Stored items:
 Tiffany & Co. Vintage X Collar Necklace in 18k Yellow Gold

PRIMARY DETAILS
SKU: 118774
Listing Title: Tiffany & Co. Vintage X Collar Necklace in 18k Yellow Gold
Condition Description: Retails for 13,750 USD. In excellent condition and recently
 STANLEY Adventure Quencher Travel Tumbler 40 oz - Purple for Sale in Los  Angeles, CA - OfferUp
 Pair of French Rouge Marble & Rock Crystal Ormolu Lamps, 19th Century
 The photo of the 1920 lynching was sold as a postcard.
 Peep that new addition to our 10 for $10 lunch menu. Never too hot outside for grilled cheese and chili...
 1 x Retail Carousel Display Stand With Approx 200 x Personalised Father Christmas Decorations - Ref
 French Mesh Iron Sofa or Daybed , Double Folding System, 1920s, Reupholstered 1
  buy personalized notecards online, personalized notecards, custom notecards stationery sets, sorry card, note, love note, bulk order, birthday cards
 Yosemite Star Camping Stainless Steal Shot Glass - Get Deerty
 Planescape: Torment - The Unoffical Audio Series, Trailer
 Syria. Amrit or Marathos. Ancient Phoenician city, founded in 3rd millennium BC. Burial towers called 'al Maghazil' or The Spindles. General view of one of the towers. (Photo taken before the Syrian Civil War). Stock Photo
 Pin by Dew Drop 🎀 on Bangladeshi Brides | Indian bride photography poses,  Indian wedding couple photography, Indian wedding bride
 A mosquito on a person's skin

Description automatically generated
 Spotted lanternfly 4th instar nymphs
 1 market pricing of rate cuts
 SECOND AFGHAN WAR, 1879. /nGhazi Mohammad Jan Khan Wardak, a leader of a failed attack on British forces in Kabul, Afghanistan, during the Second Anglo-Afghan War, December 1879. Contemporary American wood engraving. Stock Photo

**PROBLEM REQUIREMENTS**
Lines from the one holding "Description automatically generated" to the last line of the records: return these exactly, and only these.

**EXERCISE SOLUTION**
Description automatically generated
 Spotted lanternfly 4th instar nymphs
 1 market pricing of rate cuts
 SECOND AFGHAN WAR, 1879. /nGhazi Mohammad Jan Khan Wardak, a leader of a failed attack on British forces in Kabul, Afghanistan, during the Second Anglo-Afghan War, December 1879. Contemporary American wood engraving. Stock Photo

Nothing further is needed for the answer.